The Obama Administration has long recognized the importance and power of Open Data. As President Obama said recently, Open Data “is going to help launch more start-ups. It’s going to help launch more businesses. . . . It’s going to help more entrepreneurs come up with products and services that we haven’t even imagined yet.”
On May 9. the Obama Administration issued an Executive Order and Open Data Policy that will revolutionize how we access and use Open Data from the federal government.
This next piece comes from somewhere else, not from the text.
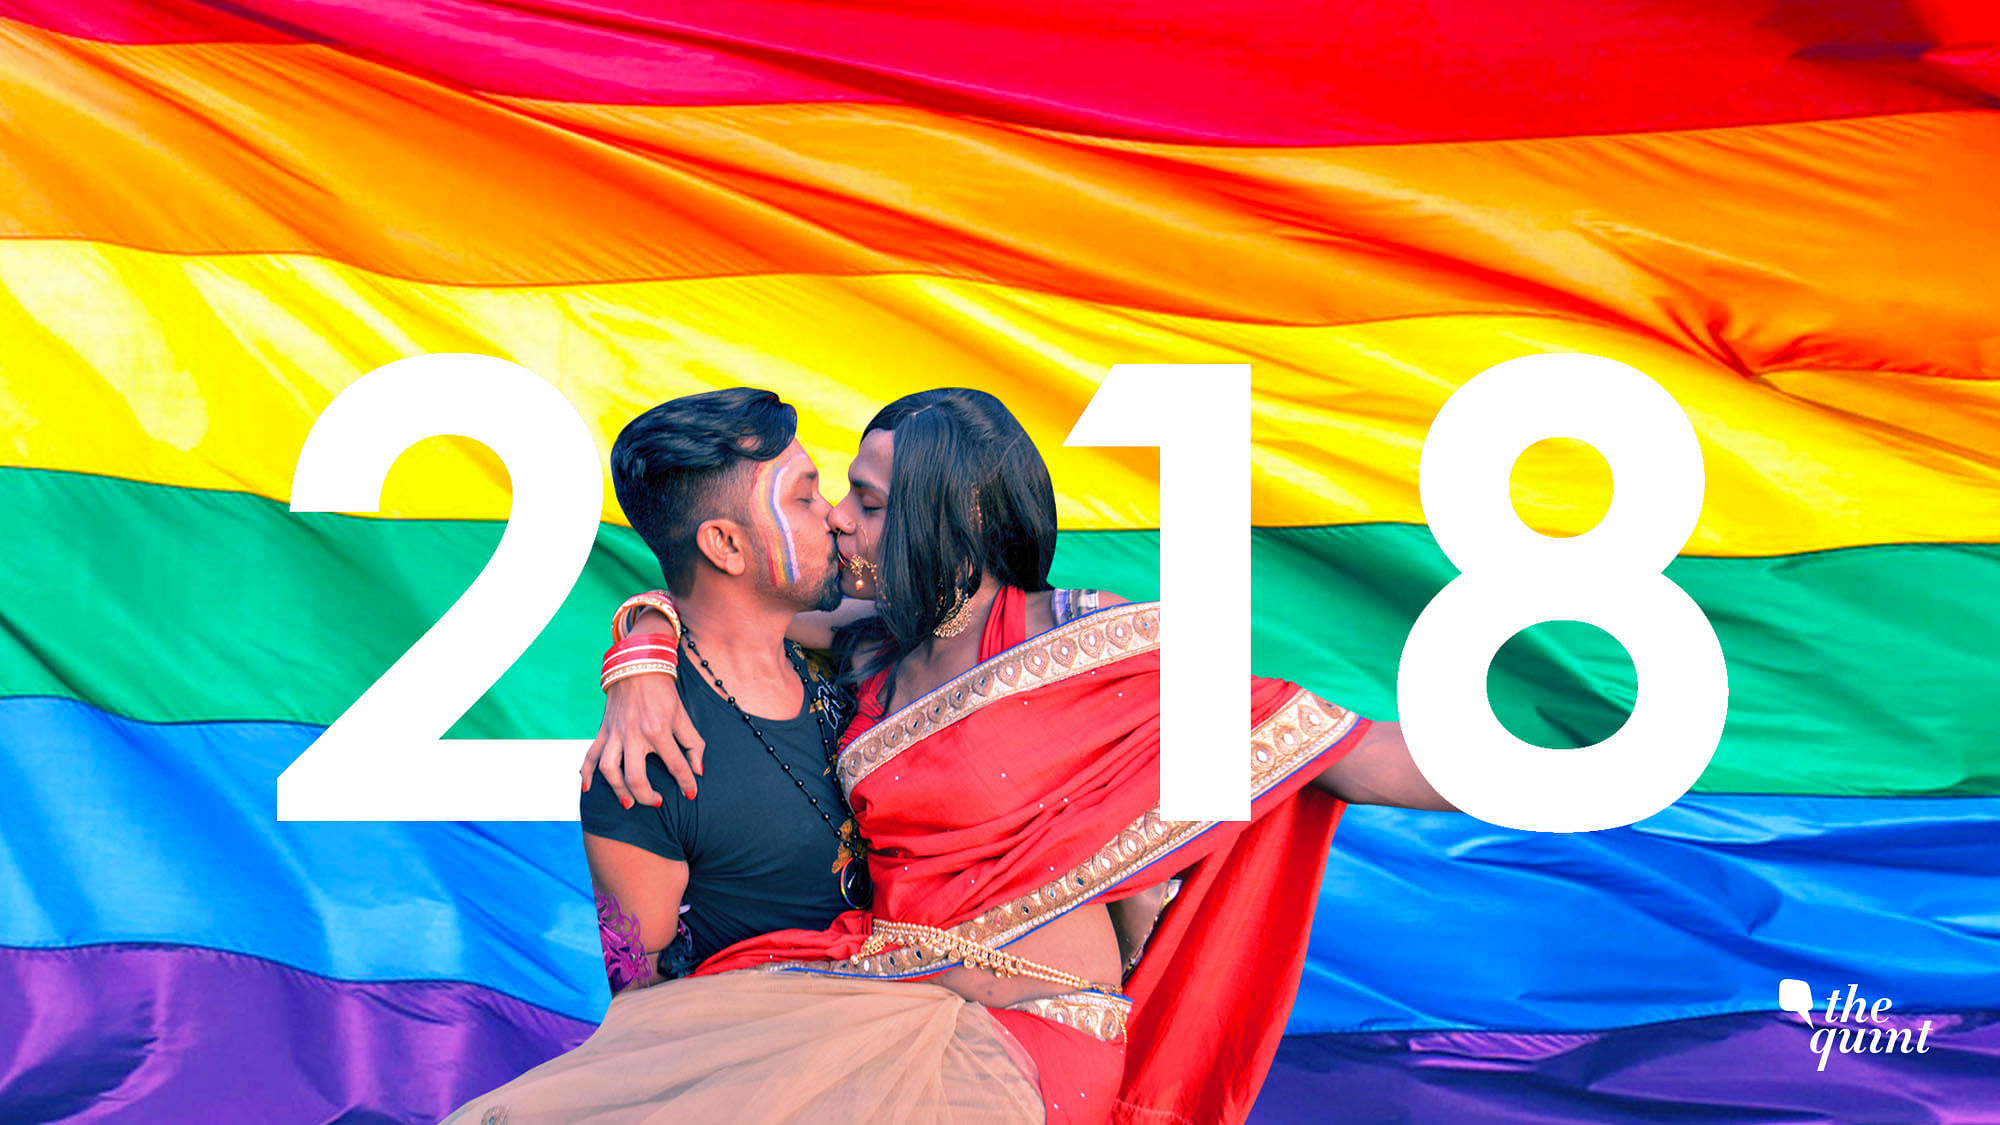 Here’s a look at the year 2018 in the lives of members of the Indian LGBTQ+ community.
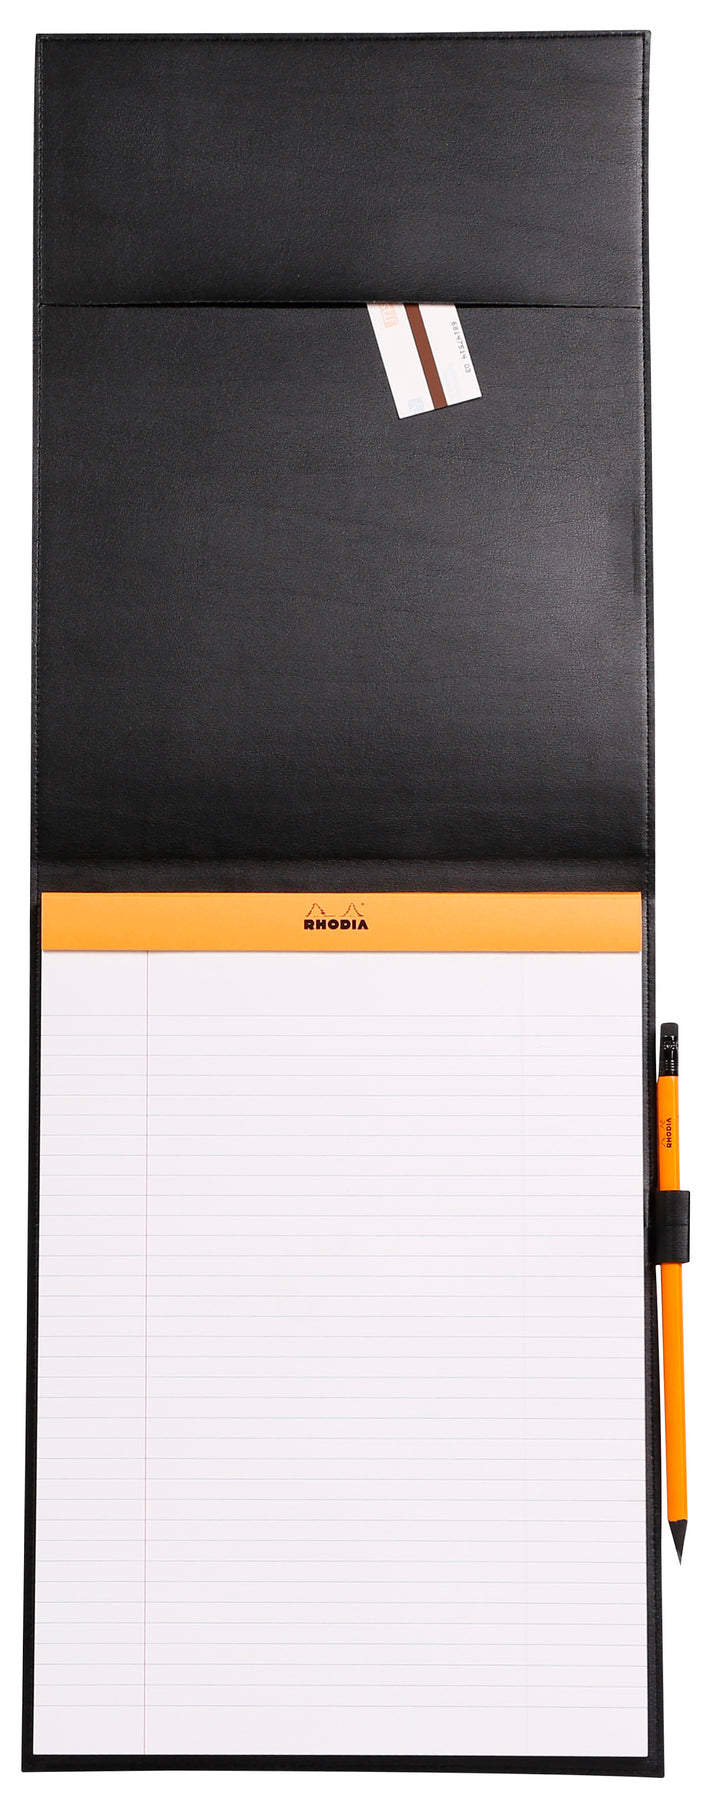 Rhodia Boutique Black Stapled Line Ruled Notepad with Leatherette Cover - A4

The Open Data Policy will require federal agencies to:
- Use open licenses – that is, make data public in a way that “there are no restrictions on copying, publishing, distributing, transmitting, adapting, or otherwise using the information for non-commercial or commercial purposes.”
- Use standard kinds of metadata – “data about data” – to tell users where each dataset comes from, when it was collected, what its quality is, and other essential facts.
- Support interoperability (making it possible to analyze one dataset together with another) and information accessibility (making the data usable in the first place).
- Over time, build an inventory of all the agency’s datasets and publish a list of all the ones that are or could be open to the public.
- Protect privacy and confidentiality, and keep data secure.
In addition, the policy sets out seven key criteria for Open Data. They echo some of the principles developed at a meeting in 2007 assembled by Tim O’Reilly, Carl Malamud and others and funded by the Sunlight Foundation. O’Reilly and Malamud were among the many advocates who praised the new Policy. Malamud called it “the most significant advance in information policies by the federal government since the passage of the Freedom of Information Act” almost fifty years ago; O’Reilly tweeted that building Open Data in this century is like building the federal highway system in the last one.
A week after the announcement I talked with Nick Sinai, U.S. Deputy Chief Technology Officer at the White House Office of Science and Technology Policy. As part of the team that developed the Open Data Policy, he was pleased with the way it was received and shared his perspective. Here’s our conversation:
Gurin: The announcement of the Open Data Policy and the Executive Order last week were really historic. Tell me what some of the early reaction has been and what you all see as some of the implications.
Sinai: Thank you. It really was a big day for open data, with some landmark steps that the President and the Administration took to make data more available and more accessible to the general public, to researchers, to innovators and to entrepreneurs. The response across the innovation community as well as open government and leaders within government has been very positive. We certainly got some great response from folks who have been a bit critical of the Administration when it comes to open government and open data, so it’s great to see their enthusiasm about the policies. The innovation community has embraced our steps as well.
Gurin: What really impressed people, I think, was the combination of the breadth and the specificity of the Policy. There’s a lot of clear direction and clear commitment in ways that I think are going to make a very big difference. What do you think are the aspects that are likely to have the biggest impact most quickly, and what do you see as some of the long-term hopes for where this could all go?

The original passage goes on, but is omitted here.